Эгиль вдруг осознал тишину вокруг. Пустоту.

Они пировали. Скалли подавал ему эль. Лауффир произносил речь. Но только потому, что это была традиция. Новоприбывшие не приходили к вратам уже… уже… Он не мог вспомнить, как долго.

Эгиль сделал еще один медленный глоток эля, пока размышлял. Первым его порывом было прогнать Соини из зала и вернуться к пиру, как требовала традиция Кунгстроллена.

Что ему нужно делать?

- Где?.. - нерешительно начал он. - Где этот гость?


Отзвуки их шагов терялось в громаде зала. Коридоры были величественными, но пустыми. Они являлись эхом всех когда-либо созданных дуардинских залов, пожалуй, не подобие, а шаблон, такой, в котором при взгляде любой дуардин из любых владений признает дом. Эгиль смотрел на него, как человек, видевший миллионы примеров чуда и теперь не видящий ничего.

- Что может быть более подобающим на Кунгстроллен, - осторожно предположил Лауффир, будто опасаясь, что в любой момент его оспорят, - чем привечать кого-то из наших потерянных братьев или сестер?

Путешествие из пиршественного зала на третьей глубине до первых врат занимало полдюжины миль и несколько тысяч ступеней. Это стало непривычно тяжелой нагрузкой, от чего у Эгиля началась отдышка, и он несколько раз сбивался с дыхания, прислоняясь к стене и гадая, что сталось с его силой. Несмотря на это, он не был единственным дуардином, выбравшим покинуть холодное мясо, безвкусный эль и пустые тосты, предпочтя присоединиться к Соини в походе. Сопровождать его решил весь зал. Новенький. Это было так неожиданно и так беспрецедентно в последнее время, что никто не хотел оставаться, не считая двух сбитых с толку молотобойцев, принесших клятву охранять пиршественный зал на Кунгстроллен.

Всех их проглотила безграничность и пустота коридора.

Здесь не было окон.
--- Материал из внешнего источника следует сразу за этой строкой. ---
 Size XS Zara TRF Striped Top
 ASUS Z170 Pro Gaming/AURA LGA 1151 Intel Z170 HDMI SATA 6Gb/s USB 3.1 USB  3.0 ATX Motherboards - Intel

Вместо них огромные арки высоко на стенах заполняла громадная окрашенная резьба, изображавшая горы, облака, ледниковые озера и залешенные вершины холмов. Хитрые системы перепада температур и мехов позволяли воздуху циркулировать так, что он ощущался почти как естественный бриз. Время от времени Эгиль чувствовал холодное дыхание на затылке, слышал стонущий голос, почти убедив себя в том, что это ветер. Враг. Король пытался вспомнить, как он выглядел, но не мог - лишь только что тот ужасен. Он огляделся, подумывая отослать Лауффира и остальных обратно вниз, чтобы продолжить пир. Не считая Соини, вооружены были только Эгиль и Финн. В итоге от этой команды его увела тоска, а не какой-либо учет возможных опасностей. Враг был снаружи. Враг всегда был снаружи. Пока врата закрыты, так и будет.

Они прошли под титанической позолоченной аркой, вырезанной наподобие головы Грунгни Творца, так что казалось, словно они проходят через его открытый рот, чтобы достичь такой же грандиозной лестницы. По ней могла бы подняться армия, оставив место для спуска другой. Она была такой огромной, что из ее стен можно было вырезать небольшой замок и несколько блоков жилищ.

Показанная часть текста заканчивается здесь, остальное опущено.